7 million Americans have the flu – but it is MUCH less deadly than last year, CDC reveals

Up to 7 million Americans have caught the flu this season, with around 70,000-80,000 hospitalized, the CDC revealed.

The figures, released today in the agency’s first influenza report of the season, confirm that this year’s strain (H1N1), while serious, is nowhere near as threatening as last year’s (H3N2), which killed 80,000 people. 

Just 19 states and New York City are reporting high viral activity – compared to 46 states this time last year. 

Experts say the promising news is that the flu shot appears much more effective at fending off infection this year, so they urge as many people to get it as soon as possible.

As of January 5, 6.2 to 7.3 million people have been sick with flu. Between 2.9 to 3.5 million people have been to the doctor because of flu, and 69,300 to 83,500 people have been hospitalized with flu.

The latest estimates show at least 13 children have died. The CDC does not update data on adult deaths. 

This year, 90 percent of flu cases tested by the CDC are H1N1, the same strain that caused the swine flu epidemic in 2009. 

It is a much, much milder strain than the H3N2 which killed more than 80,000 Americans last season. 

Ten percent of people have been diagnosed with H3N2. 
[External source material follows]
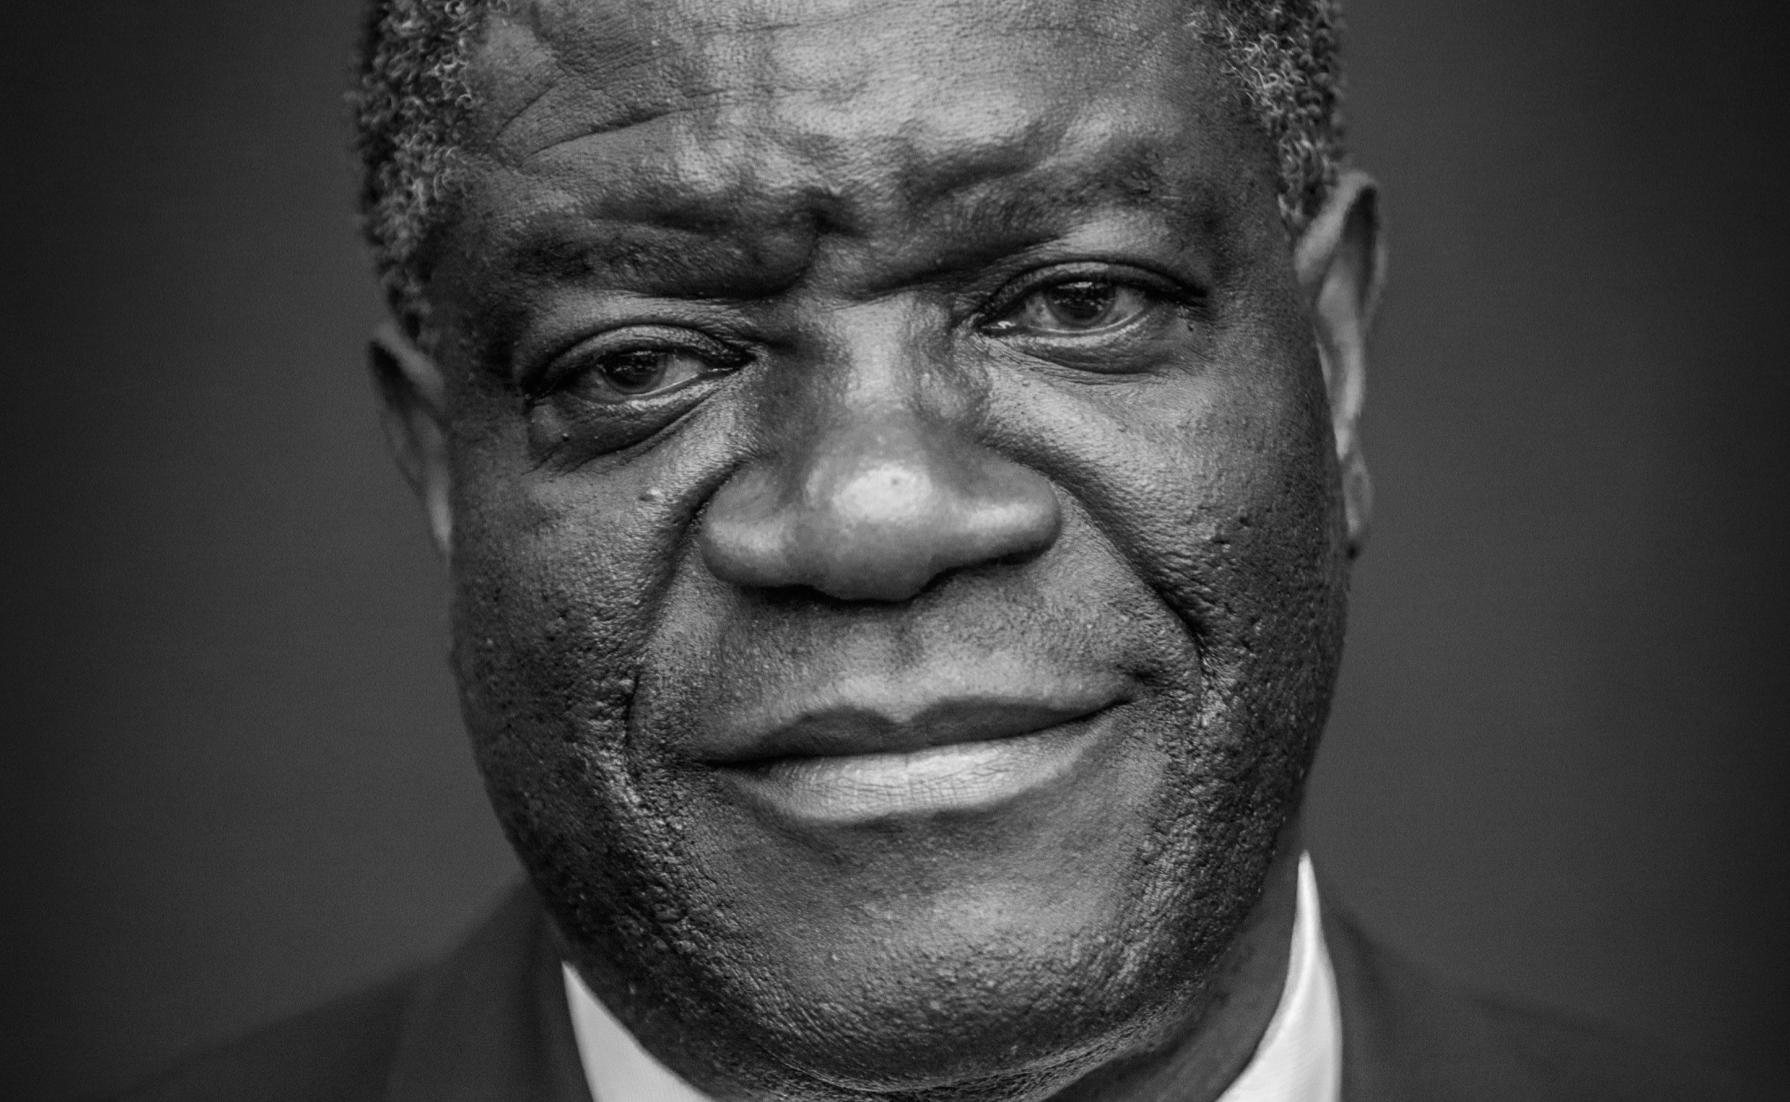 Pentecostal Nobel Peace Prize Winner Denis Mukwege Gives Glory to God

Rates spike between December and March, and although this year’s strain is nowhere near as deadly as last year’s, there is no fail-safe way of protecting yourself. 

The CDC continues to recommend flu vaccination as the best way to reduce the risk of flu and its potentially serious complications, including death in children. 
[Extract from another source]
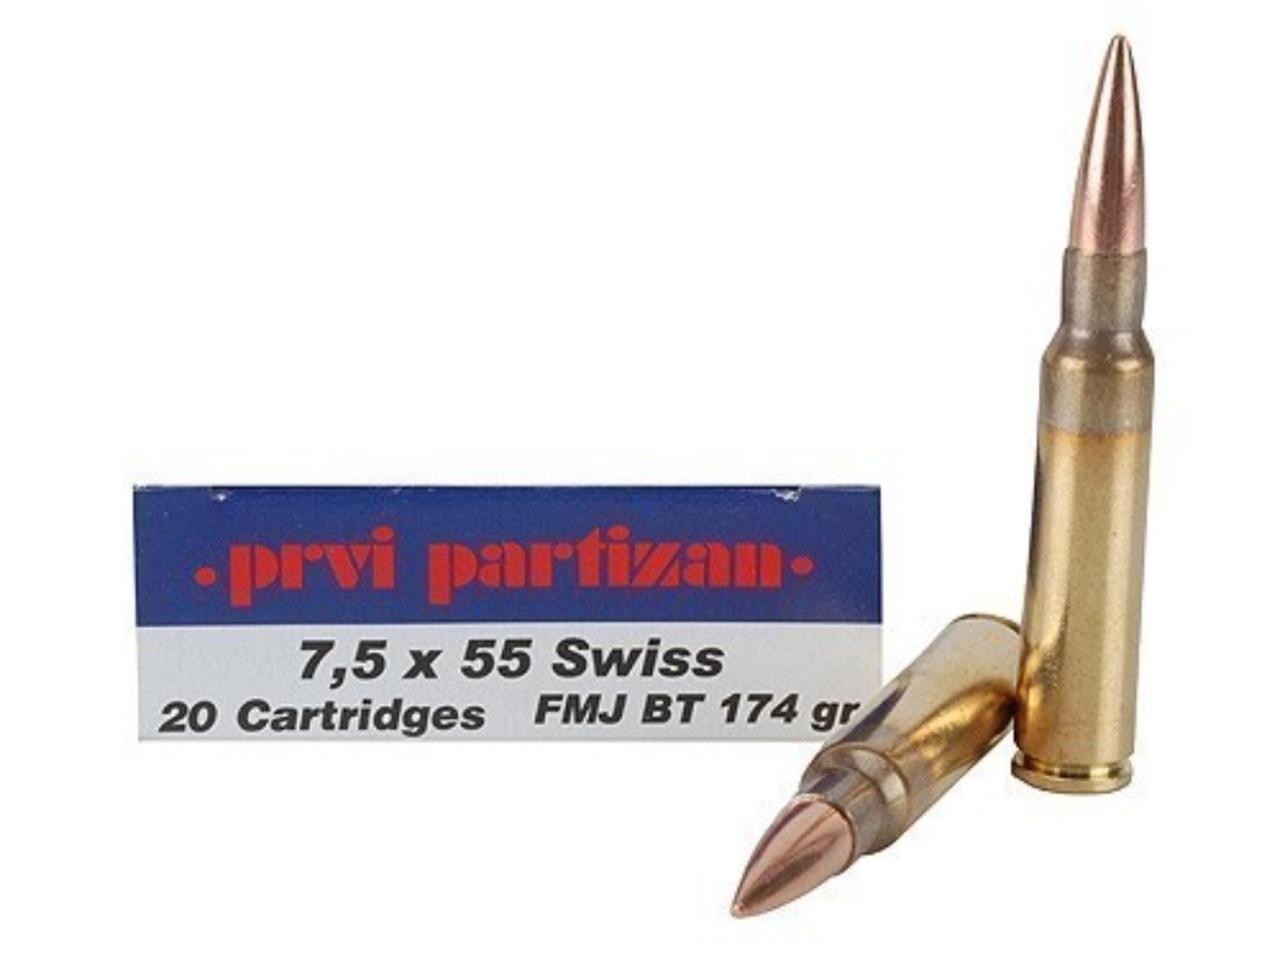 7 5x55 swiss 174 grain fmj bt prvi partizan ammunition in stock

If you do develop flu-like symptoms, stay home for at least 24 hours. If it persists and your fever worsens, seek medical help. 

People who are very sick or who are at high risk of serious flu complications should see a as soon as possible to get antiviral drugs.  
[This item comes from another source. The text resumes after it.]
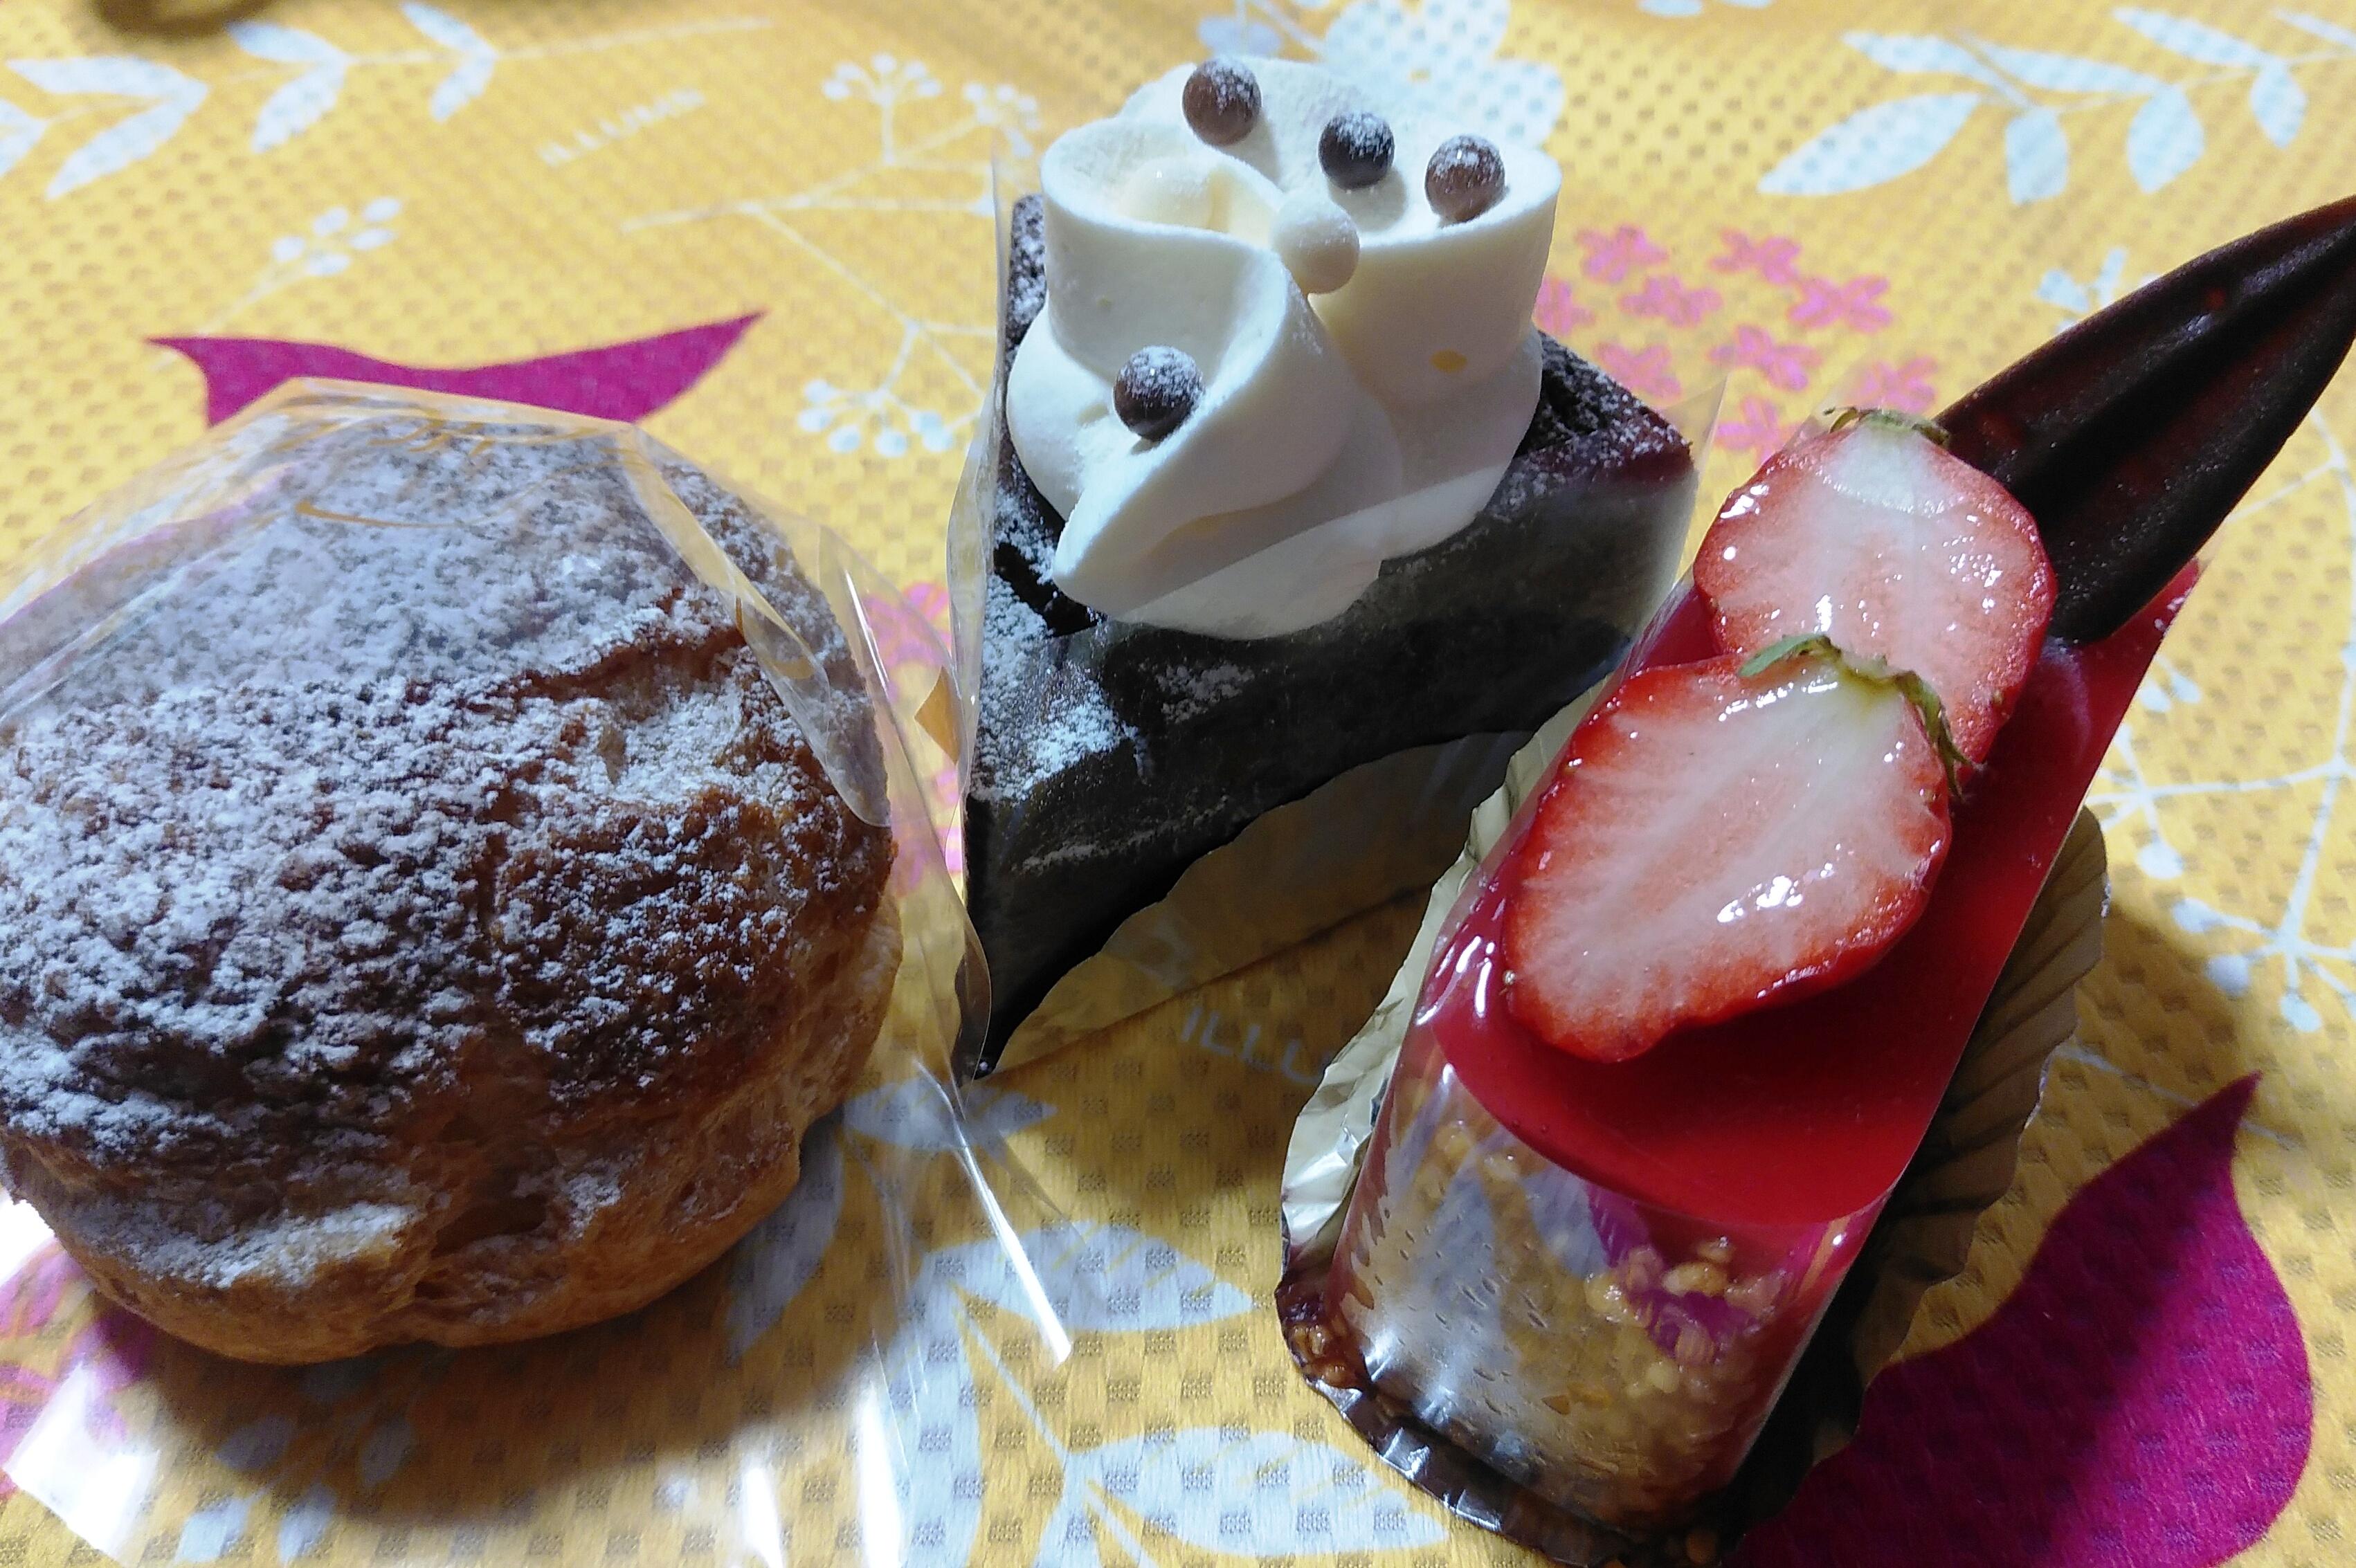 JR伊予大洲駅周辺のケーキ屋めぐり第1弾!「melo洋菓子店」へ行ってきました!

The best bet you can have to protect yourself from the flu is to get the flu shot, wash your hands regularly, don’t touch your face, stay hydrated, and get good sleep.  

But as rates rise, hospitals are clamping down to prevent spreads on their wards. 

They can’t be sure that everyone flowing in through their doors is doing that – particularly stressed relatives whose loved-ones are sick. 

New Jersey, North Carolina, and Indiana are just a few of the states putting limits on the influx of people to their wards, with many more set to follow.

Some hospitals, including in Arizona and Rhode Island, will make visitors wear masks.

‘Many of our patients do have a compromised immune system because they’re fighting another illness and that’s why they’re in the hospital in the first place,’ Jennifer Burrows, chief nursing officer at Providence St Vincent Medical Center, told KPTV.